Running tantivy new will start a wizard that will help you define the schema of the new index.

Like all the other commands of tantivy, you will have to pass it your index directory via the -i or --index parameter as follows:

    tantivy new -i wikipedia-index

Answer the questions as follows:


    Creating new index 
    Let's define it's schema! 



    New field name  ? title
    Text or unsigned 32-bit Integer (T/I) ? T
    Should the field be stored (Y/N) ? Y
    Should the field be indexed (Y/N) ? Y
    Should the field be tokenized (Y/N) ? Y
    Should the term frequencies (per doc) be in the index (Y/N) ? Y
    Should the term positions (per doc) be in the index (Y/N) ? Y
    Add another field (Y/N) ? Y



    New field name  ? body
    Text or unsigned 32-bit Integer (T/I) ? T
    Should the field be stored (Y/N) ? Y
    Should the field be indexed (Y/N) ? Y
    Should the field be tokenized (Y/N) ? Y
    Should the term frequencies (per doc) be in the index (Y/N) ? Y
    Should the term positions (per doc) be in the index (Y/N) ? Y
    Add another field (Y/N) ? Y



    New field name  ? url
    Text or unsigned 32-bit Integer (T/I) ? T
    Should the field be stored (Y/N) ? Y
    Should the field be indexed (Y/N) ? N
    Add another field (Y/N) ? N

    [
    {
        "name": "title",
        "type": "text",
        "options": {
            "indexing": "position",
            "stored": true
        }
    },
    {
        "name": "body",
        "type": "text",
        "options": {
            "indexing": "position",
            "stored": true
        }
    },
    {
        "name": "url",
        "type": "text",
        "options": {
            "indexing": "unindexed",
            "stored": true
        }
    }
    ]


After the wizard has finished, a meta.json should exist in wikipedia-index/meta.json. It is a fairly human readable JSON, so you may check its content.

It contains two sections:

  • segments (currently empty, but we will change that soon)
  • schema

Indexing the document: index

Tantivy's index command offers a way to index a json file. The file must contain one JSON object per line. The structure of this JSON object must match that of our schema definition.

    {"body": "some text", "title": "some title", "url": "http://somedomain.com"}

For this tutorial, you can download a corpus with the 5 million+ English Wikipedia articles in the right format here: wiki-articles.json (2.34 GB). Make sure to decompress the file

    bunzip2 wiki-articles.json.bz2

If you are in a rush you can download 100 articles in the right format here.

The index command will index your document. By default it will use as many threads as there are cores on your machine. You can change the number of threads by passing it the -t parameter.

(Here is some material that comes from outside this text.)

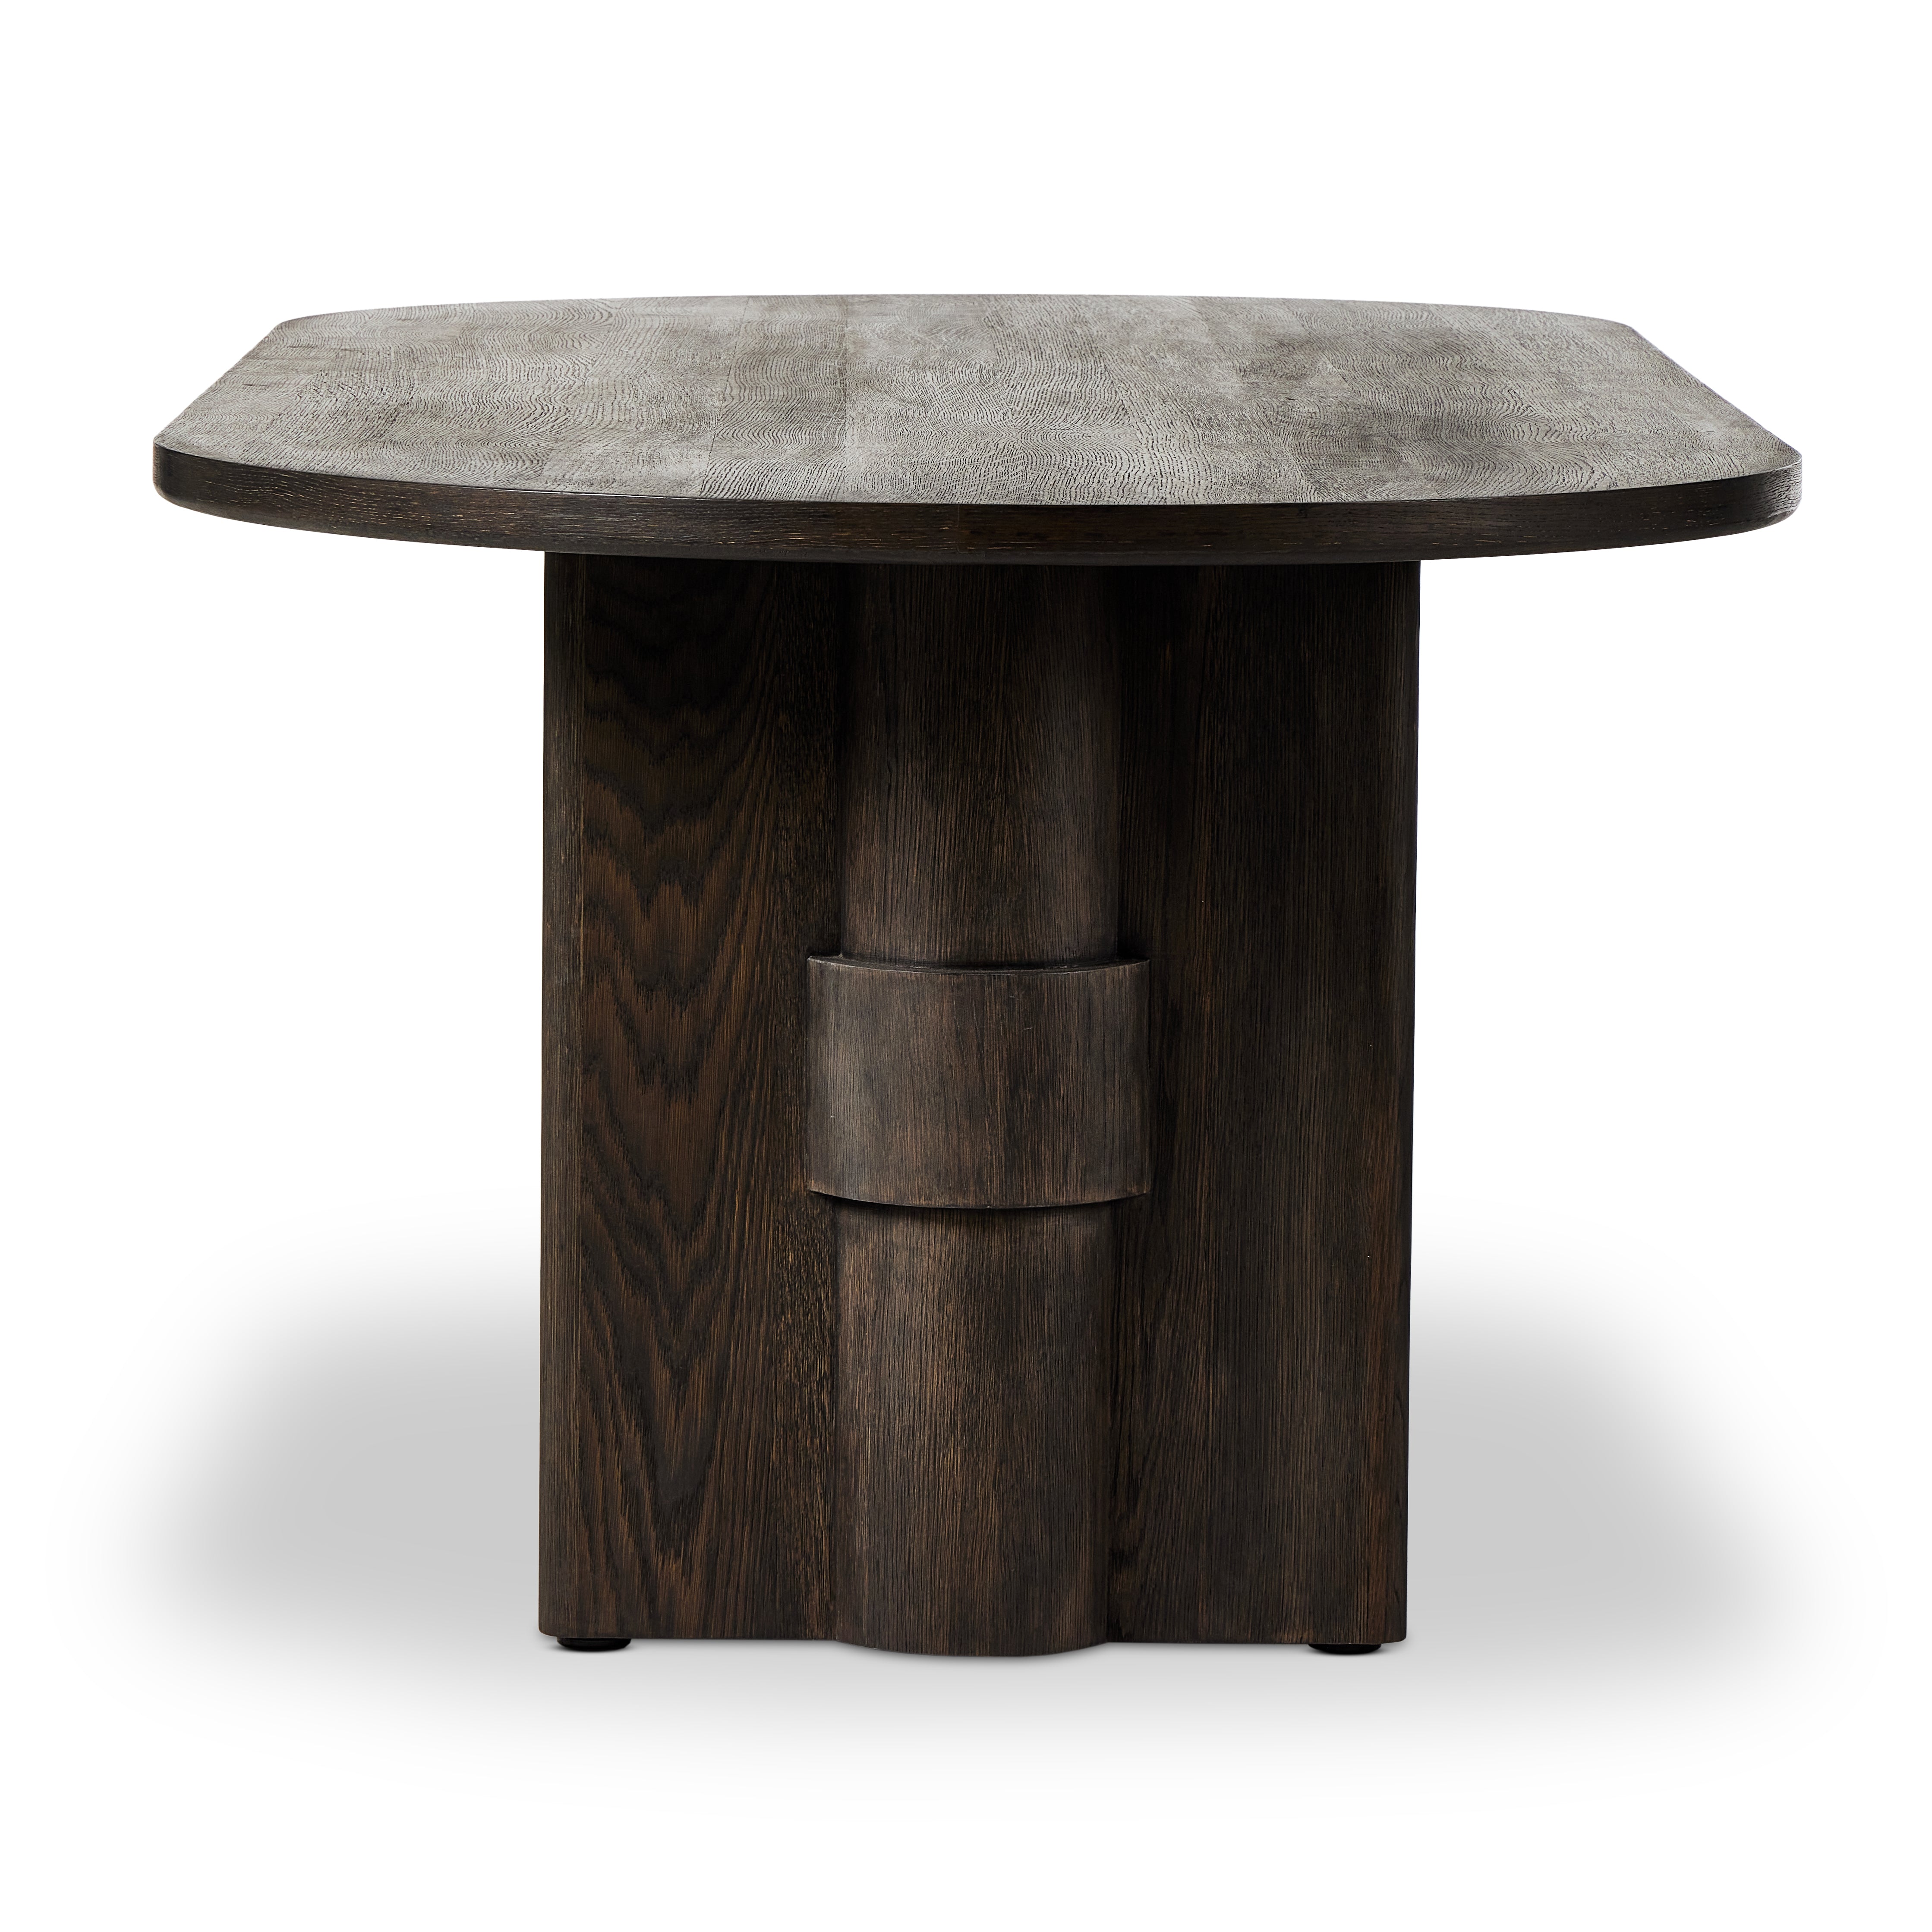 Sylvester 96" Dining Table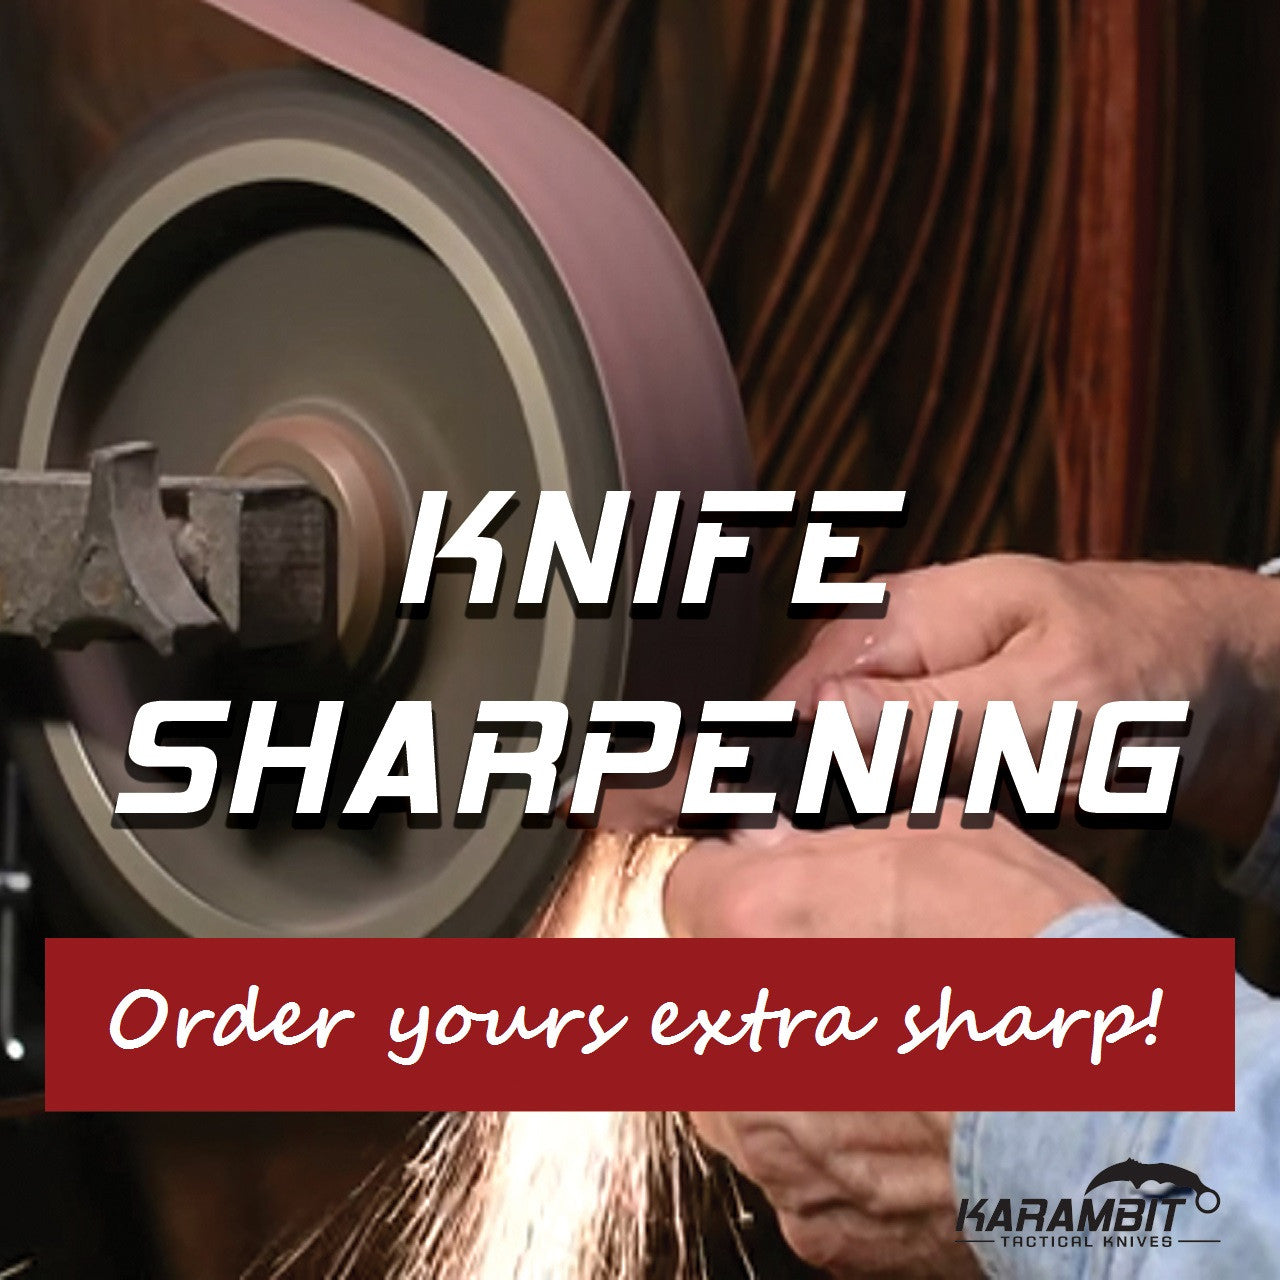 Can We Add Professional Knife Sharpening Services To Your Order Today? (KnifeSharpeningPromo)

On my computer (8 core Xeon(R) CPU X3450 @ 2.67GHz), it will take around 6 minutes.

    cat wiki-articles.json | tantivy index -i ./wikipedia-index

While it is indexing, you can peek at the index directory to check what is happening.

    ls ./wikipedia-index

If you indexed the 5 million articles, you should see a lot of new files, all with the following format The main file is meta.json.

Our index is in fact divided in segments. Each segment acts as an individual smaller index. Its named is simply a uuid.

Serve the search index: serve

Tantivy's cli also embeds a search server. You can run it with the following command.

    tantivy serve -i wikipedia-index

By default, it will serve on port 3000.

You can search for the top 20 most relevant documents for the query Barack Obama by accessing the following url in your browser

http://localhost:3000/api/?q=barack+obama&explain=true&nhits=20

Optimizing the index: merge

Each of tantivy's indexer threads closes a new segment every 100K documents (this is completely arbitrary at the moment). You should have more than 50 segments in your dictionary.

Having that many segments hurts your query performance (well, mostly the fast ones). Tantivy merge will merge your segments into one.

    tantivy merge -i ./wikipedia-index

(The command takes around 7 minutes on my computer)

Note that your files are still there even after having run the command. However, meta.json only lists one of the segments. You will still need to remove the files manually.